I have several unfinished video projects, no more than 20 minutes in length each, that I created using Adobe Premiere version 6.1 and a contemporaneous version of Flash on a Power Macintosh G4 running Mac OS 9.2 in the late 1990s. For various unimportant reasons, I shot all the footage, created animations (in Flash), and recorded all the audio I needed for each of these projects, and started the painstaking process of cutting them into finished videos, but I never finished any of them.
I'd like to pick up where I left off with those projects, but the computer is on its last legs, so I can't just boot it up and expect that it will reliably allow me to finish. Is there a currently available video production program, not necessarily the current version of Premiere, that can read these project files? I have access to modern OS X, Windows 8, and Linux machines, so OS compatibility is not a restriction.
To be absolutely clear, I am not looking for a program that can import an all-in-one finished video (I know those are easy to find and the only question is "what format?"). I want to import what Premiere calls a "project file"--video and audio clips, with effects applied, assembled on a timeline, capable of being exported as a finished video by a sort of "mixdown" process, but also still capable of being edited arbitrarily.
Also, the conversion process doesn't need to be two-way--once I import the projects I am fine with having to finish them in the new software exclusively (the G4 as I said is ready for retirement).

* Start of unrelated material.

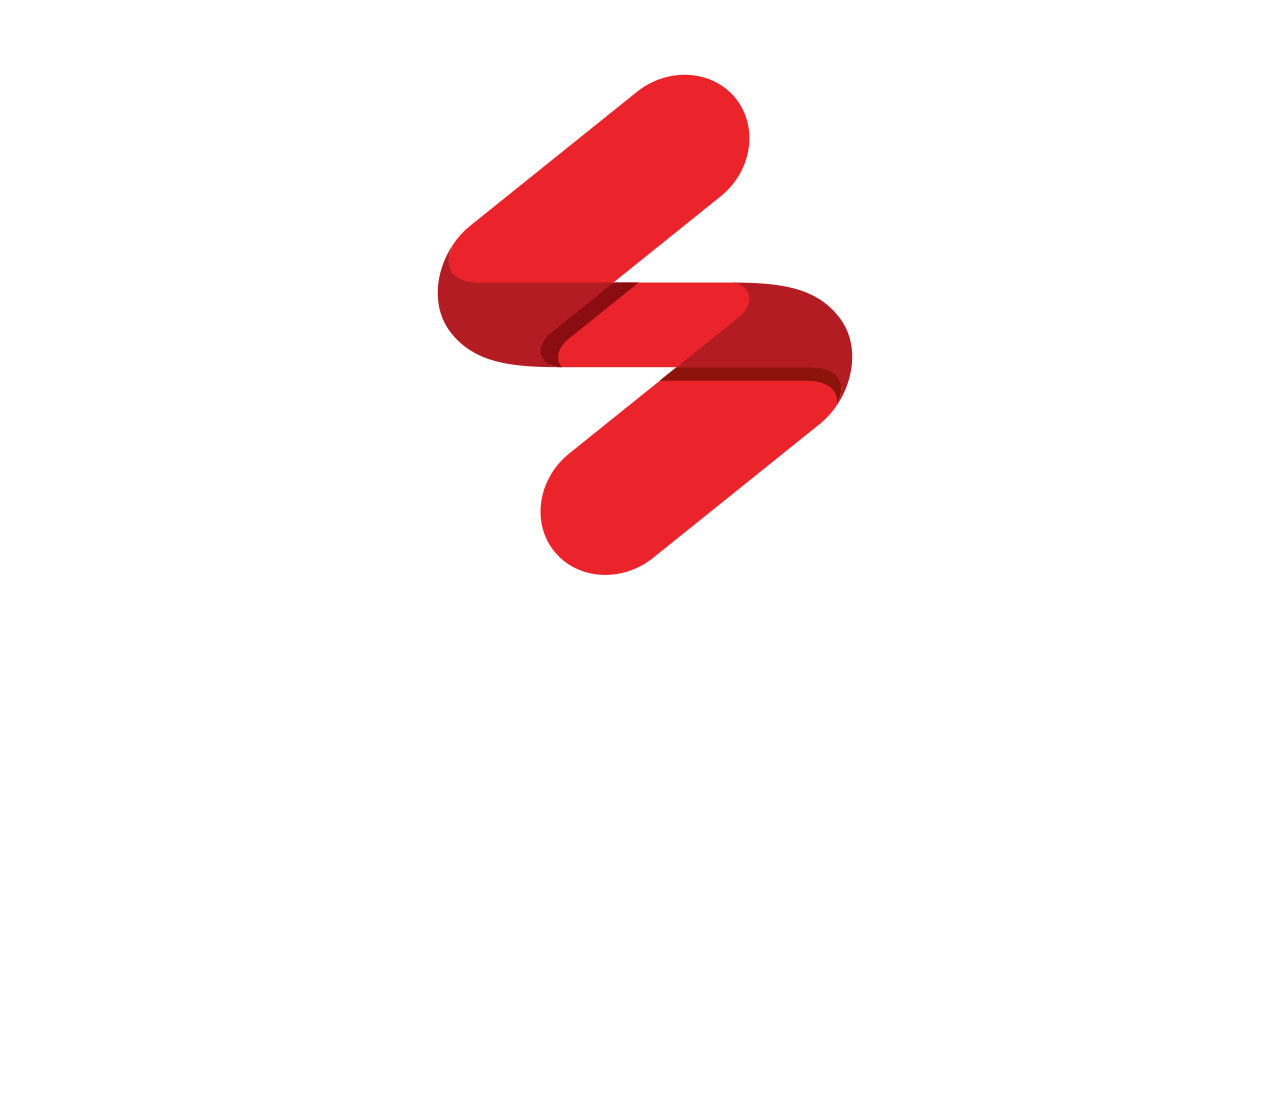 SRS's web page

I realize that I could probably take the raw video and audio files that I used to build each project and recreate the work-in-progress that I created in Premiere 6 in the new program, but this would be a huge undertaking that I'd like to avoid if possible. In some places, for example, I have half a dozen video tracks and an equal number of audio tracks that I have painstakingly cut together and applied effects to. It would be like the difference between doing finish carpentry on a roughed-out house that has sat half-completed for a while, versus rebuilding the same house from the foundation up given the architect's sketches and a pile of lumber.